Please, can you report the bug?


----------



## edinbetancourt (Nov 17, 2021)

grahamperrin said:


> jmos crashing with which version, which architecture?
> 
> <https://www.freshports.org/multimedia/kdenlive/#packages>
> 
> Please, can you report the bug?


Greetings. 
The problem is not with Kdenlive or Shotcut, the problem must be some library that handles the sound (I suppose ffmpeg) because the fault is the same in both applications and I bet that in any other video editor that I install. I'm new to the forum and it's my first post, I don't think I'm the one to report a bug. If a more experienced user does it, it will be appreciated. 
Until the moment of this post the fault remains the same. ​Thanks.


----------



## astyle (Nov 18, 2021)

grahamperrin said:


> jmos crashing with which version, which architecture?
> 
> <https://www.freshports.org/multimedia/kdenlive/#packages>
> 
> Please, can you report the bug?


I agree that info about versions and architecture for KDEnlive (and related libs) are important for troubleshooting, but I would hold off calling it a bug until more troubleshooting has been done. Sometimes, crashes are not from bugs in software, but from lib version mismatch, missing deps, or some other mis-config. 
--
All that doesn't change the fact that a crash is not the most graceful way to handle the errors.


----------



## edinbetancourt (Nov 22, 2021)

Greetings. 

The problem occurs in the following FreeBDS versions: 12.2 and 13.0 on the AMD64-bit platform. I hope someone with more experience can report the bug and if you are so kind, comment here on the report and the answer about it. 

Thanks.


----------



## jmos (Dec 10, 2021)

Kdenlive 21.12.0 arrived in the ports tree, and audio fadein (and fadeout) clicked via the timeline still causes a crash; The output in the xterm for fadein (fadout is of course similar):
`Unknown transition "fadein"`
Also the audio waveforms are still not visible. My setup: All packages are compiled with an up to date ports tree on an up to date FreeBSD 13.0-p5/amd64. But do those bugs really belong to Kdenlive? Or ist it ffmpeg, mlt7, another lib etc.…


----------



## grahamperrin@ (Dec 11, 2021)

jmos said:


> … do those bugs really belong to Kdenlive? Or ist it ffmpeg, mlt7, another lib etc.…

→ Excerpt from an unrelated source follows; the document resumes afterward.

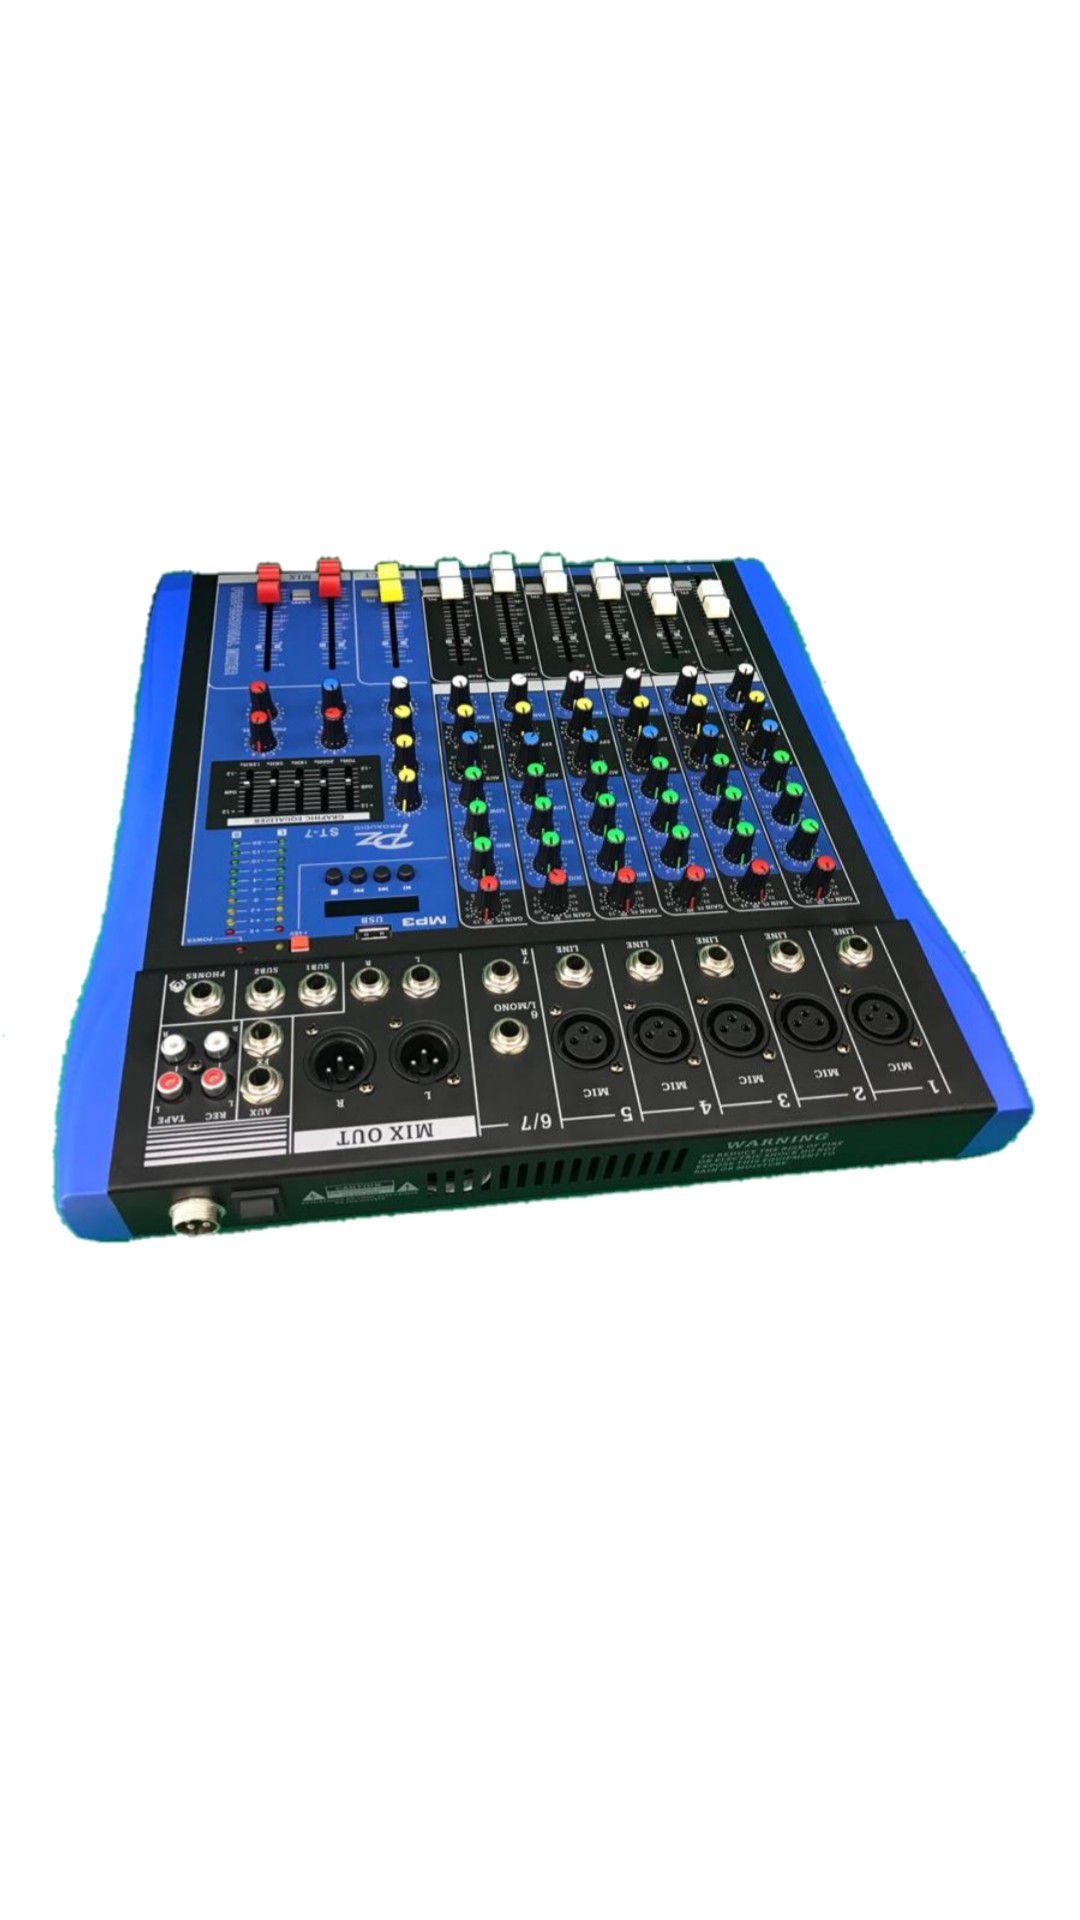 MESA.7CANAIS PZ PROAUDIO PZST7 5XLR 2P10 C/PHANTOM USB BLUETOOTH 1AUX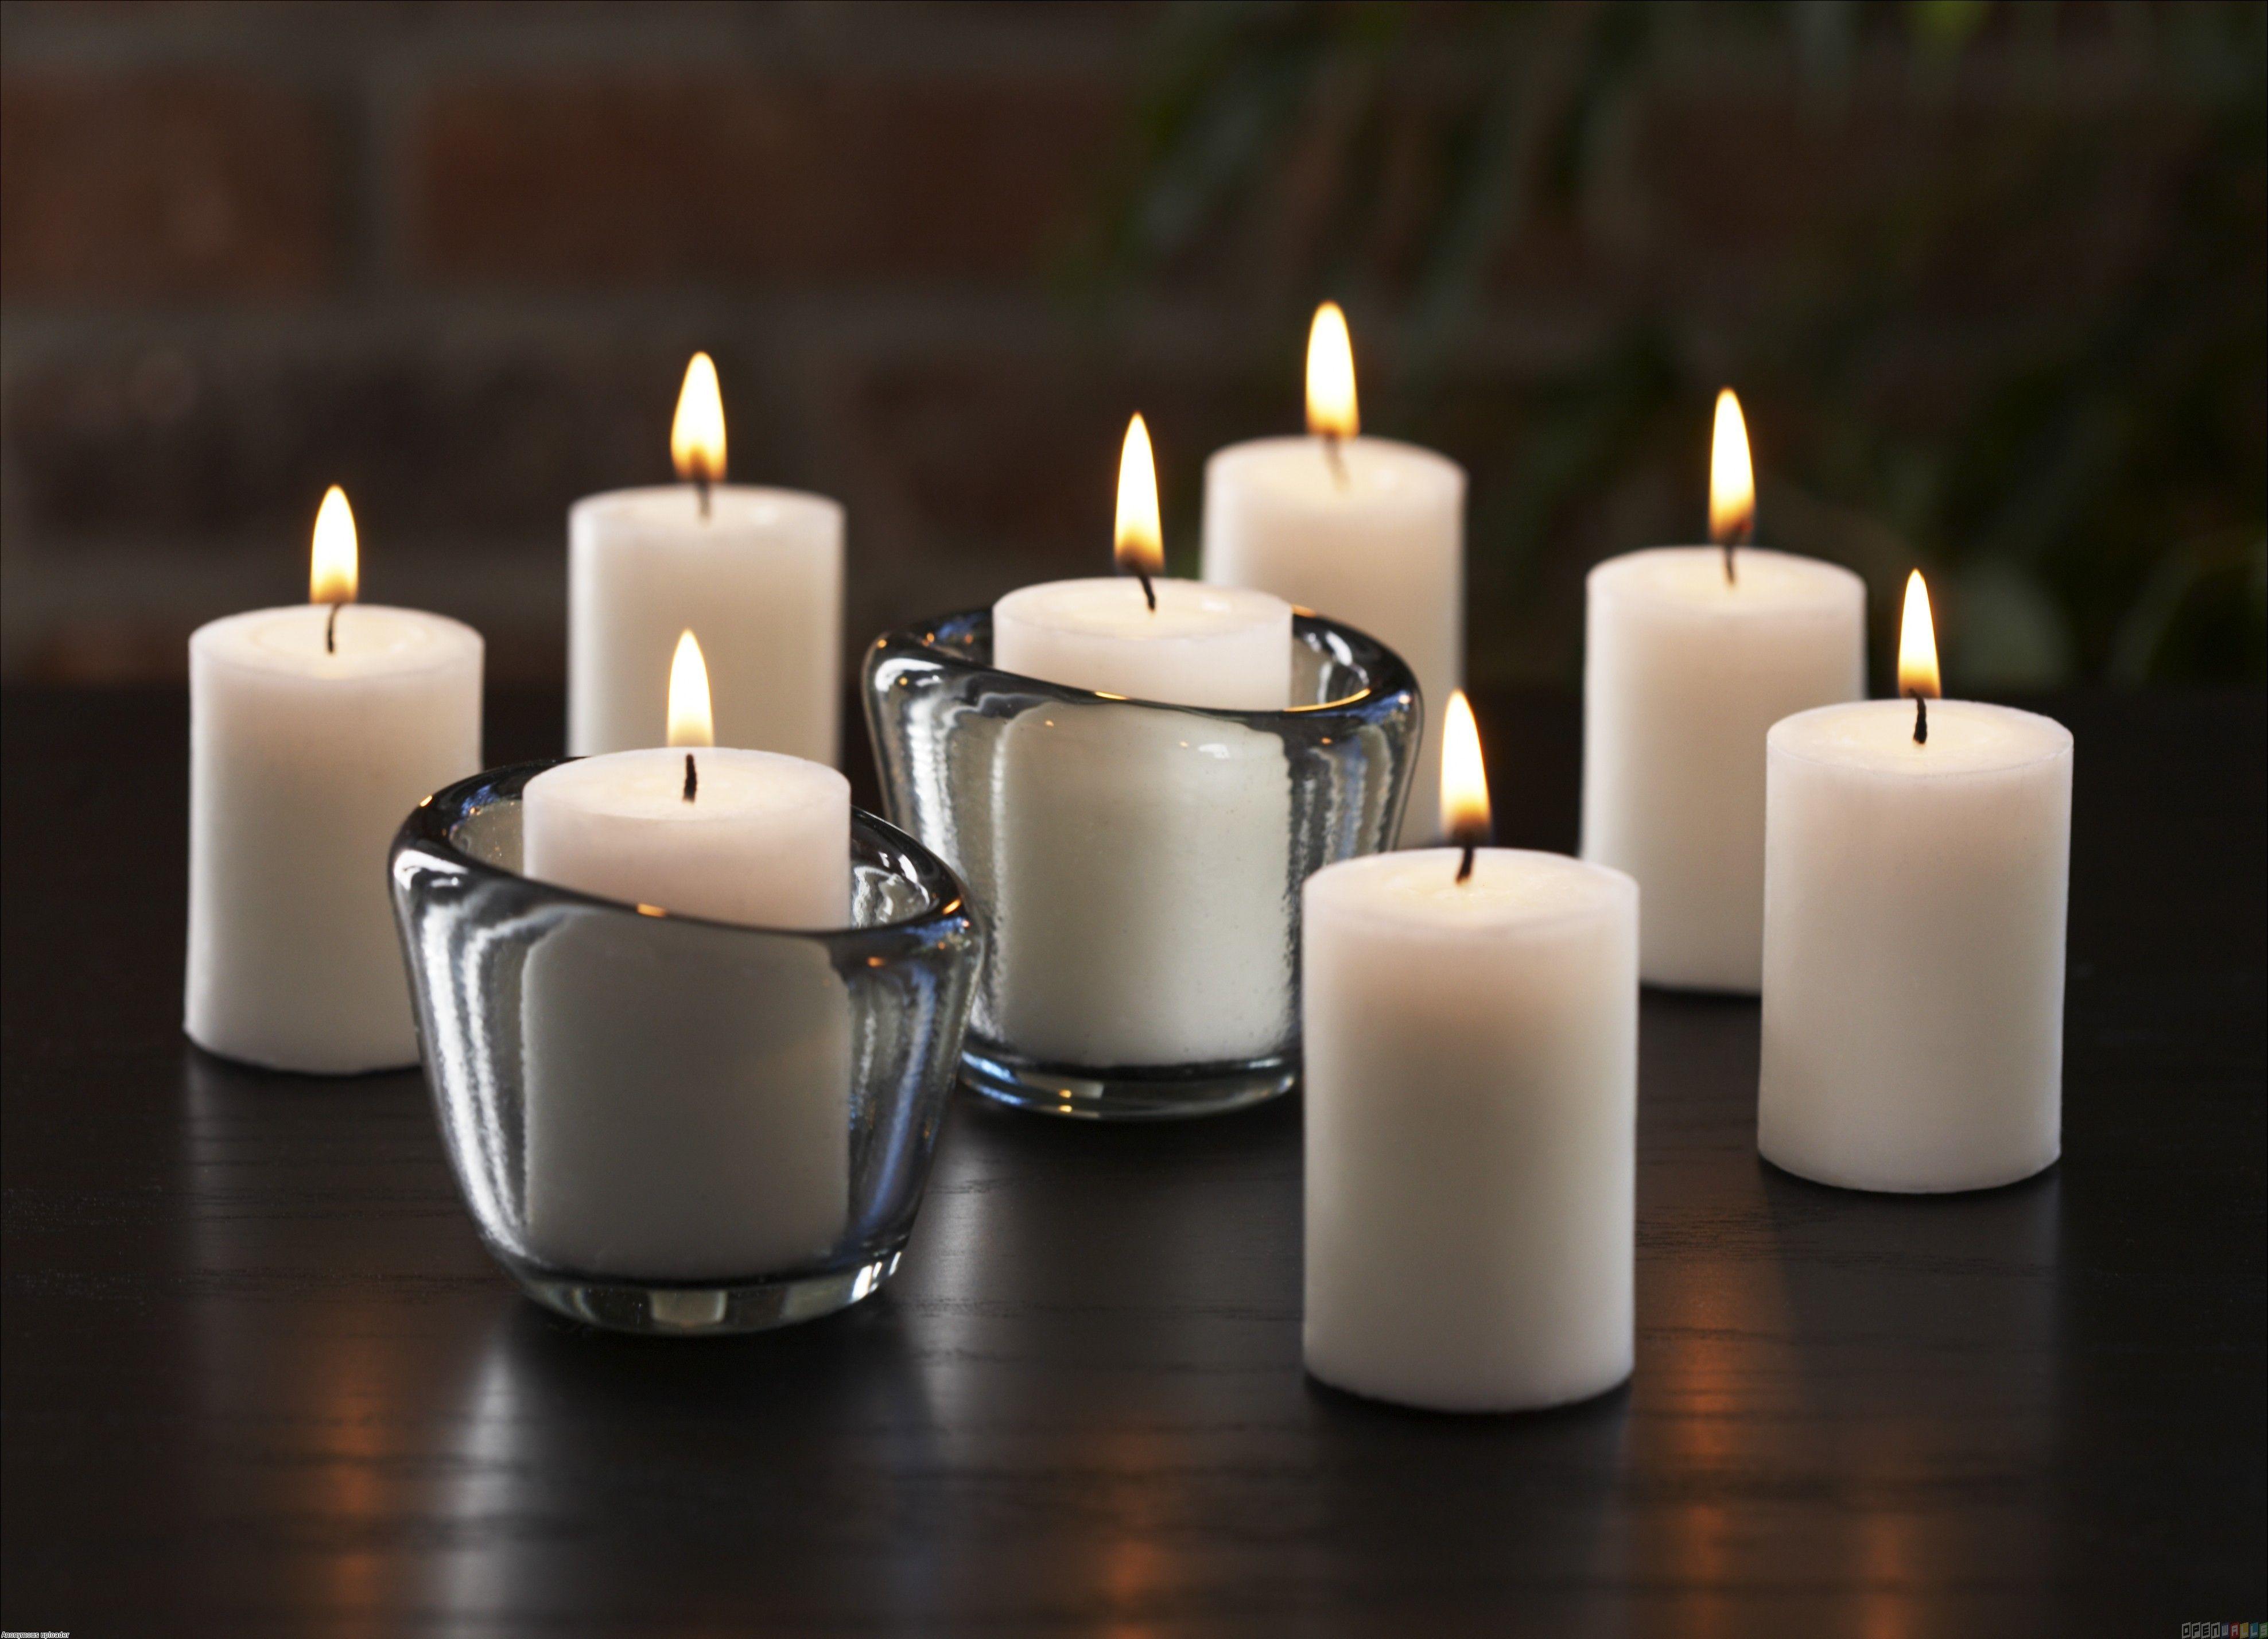 Lit white candles wallpaper Open Walls

Report each bug in the area that seems most appropriate, include enough information so that someone who triages bugs can move to another area if necessary.


----------



## grahamperrin@ (Dec 12, 2021)

Shotcut

Taking a hint from discussion in IRC … no mention of x11-toolkits/qwt6 under <https://www.freshports.org/multimedia/shotcut/#requiredrun>. For now, try installing `qwt6-qt5`.


----------



## grahamperrin@ (Apr 3, 2022)

FreeBSD bug 262876 – multimedia/kdenlive - almost all audio effects unavailable


----------



## jmos (Apr 21, 2022)

Solution: Kdenlive works as expected if you enable "NORMALIZE" in the "multimedia/mlt7" port.
Edit: This option is now enabled by default, so the simple update mechanism will solve this, too.


----------